Rev Tony Shearan, who has recently retired as a SSM priest in Hackney, reflects on his years of ministry and how sight loss has been at the centre of his calling to be a priest.

What is RP?
Several years ago I started to learn Braille. My teacher at the time was a young 20 year old who told me that she became blind as a result of an accident at school. I am blind because I have an inherited, incurable condition known as Retinitis Pigmentosa (RP). I mention this because for me, from the moment I was born, and in the absence of a cure in the intervening years, I knew I would become blind. It was inevitable and nothing could be done about it. The distinction may not be relevant to others with disabilities, but it is for me. It has helped me process, adjust to and eventually come to the place where I am. A place of acceptance, sometimes grumbling acceptance, of my blindness, without the nagging feeling of what would have happened if only I hadn’t done that thing…
RP is a degenerative condition and up to the age of around 30 I had no idea about its presence in my body. By that time, I had already been to and not been ‘recommended’ at a Bishop’s Selection Conference. Years later, and now with a blind registration, I was encouraged to attend another Conference. This time I was recommended for training. So I feel that an element of my ‘calling’ was as a ‘blind’ priest and that has been an important element of my work in the church to date.

Roller Coaster
Of course it has not all been plain sailing. I have profoundly struggled, been angry, cried a lot and walked away. Away from God or the church. I’m not sure what it is, but something makes me return. Somehow I just can’t walk away. During my ‘successful’ Selection conference I remember that one of the interviewers cried when I related a story of how I had struggled to make sense of it all. I have cried many times myself before and since.

You Don’t Look Blind!
As a blind person I feel I experience some of the goods and bads in people. The bads can be from those who bump into me. I can’t see them – and they hurl abuse at me.  A few years ago I bumped into one chap who was standing outside a pub. I apologised and explained I was blind. He replied angrily, ‘You don’t look (expletive) blind!’ To which I replied, rather unwisely I now consider,’ ‘well you don’t look stupid.’ I walked away as quickly as I could before he realised it wasn’t meant to be a complement!
I find the goods though in the vast majority of people who are incredibly helpful.  From those who see me waiting to cross the road with my white stick, and go out of their way to assist, to those who help me find the building I am heading to and shout out, ‘go right mate, there’s a bike in front of you!’ There are many many more examples of the kindness people have shown to me, far too many to mention.

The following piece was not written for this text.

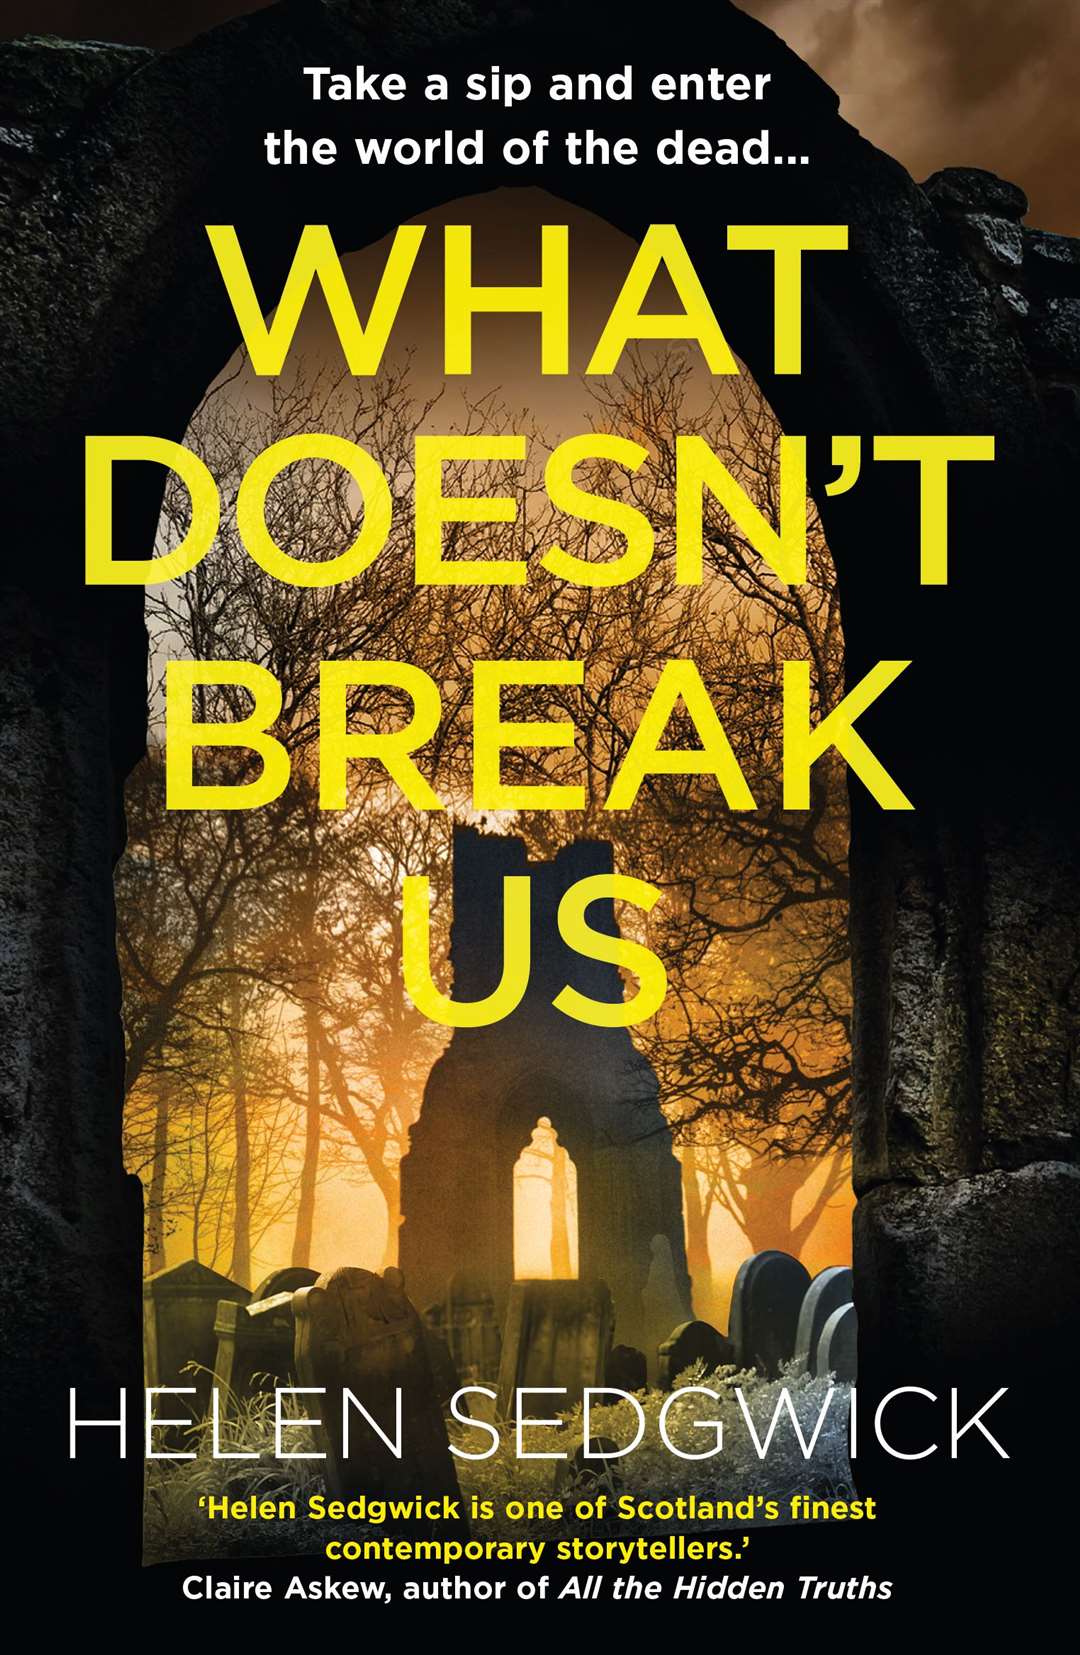 The last book in Helen Sedgwick's Burrowhead mysteries trilogy, out tomorrow (Thursday).

I’ve been praying that you Might be Healed! Really?
I have encountered people (often very senior people in the church) who demonstrate a complete lack of understanding about blindness.  From imitating blindness to try and illustrate a point in a sermon, to coming up to me and saying to me that ‘they have been praying for me – that you might be healed like Blind Bartimaeus.’ (Mark 10:46-52). For someone living and struggling with a profound disability this is incredibly insensitive, even now after many years, it still makes me angry. The reality is that I feel I have been healed. Not healed in the sense of the removal of the external factors of blindness, but rather a wider sense of healing. One that involved living with the condition and ‘accepting’ it, for want of a better word.

Accepting help
I’m passionately independent but I’ve learnt to accept help along the way – without which carrying out ministry would have been more difficult and more stressful. This is not a place to record names, (you know who you are) but rather to acknowledge that I, and I suspect many of us, rely on others to help us and enable us to carry out our work. But I still don’t find asking for help easy. It’s a paradox but I think it is the compromise I have made to enable me to live with more independence.

Being a Blind Priest
It took me over 25 years to respond to the sense of ‘calling’ to some form of ordained ministry. A long time and in many ways a difficult time as I tried to avoid the whole thing.  A question I have repeatedly asked myself, without coming to any sort of conclusion, is Why? So I responded to the call – so what for? What was that about? In truth, I don’t know why. However, as I mentioned above, it seems to have something to do with disability.  People have spoken to me about the sense of vulnerability that comes from my blindness – and how that can be a powerful sense, in that it may empower others. Others have talked of how my blindness is disarming and enables people to talk about their own issues freely, or perhaps more freely than when talking to others who do not have a recognisable disability.
I spent some time in Japan, and once did an MA in Japanese Religion. During the course of my studies I briefly looked at attitudes to blindness in both the Christian and Buddhist traditions. From my research, I found that attitudes to blindness somewhat differed between Western Christianity and Japanese Buddhism.  I guess many reading this will be familiar with how blindness is often viewed in the New Testament, particularly the Gospels where restoration of sight is seen as the way to fulfilment. By contrast In Japanese Buddhism, those who are blind are often seen as having an additional level of insight. I struggle too with the way that blindness is referenced in some of the hymns we sing: ‘I once was lost, but now I’m found, was blind but now I see!’;  ‘Just as I am, poor wretched blind.’ I hear what some may say about these references being context driven and illustrations. But I answer: ‘well I still find them offensive and if you were blind, perhaps you might too!’ Maybe we too should learn something from our friends in Japanese Buddhism about how we think about blindness!
My sight has now reached a stage where I cannot read print at all and rely on technology to assist me. In the early days, before the current technology was available, I used to memorise huge chunks of the liturgy including pretty much all of the Eucharistic prayers, including the appropriate seasonal variations. For sermons I would carry memory joggers with me that reminded me of the various points I was going to make. Thankfully I now no longer have to do this, relying instead on a small hand held device from where I can run the whole service without having to memorise a single word.
I think my sense of humour has helped too as I’ve journeyed along. And just as well too in certain circumstances.  Like when my guide dog ate all the Communion bread and on a separate occasion vomited in front of the altar at a well-attended Midnight Mass!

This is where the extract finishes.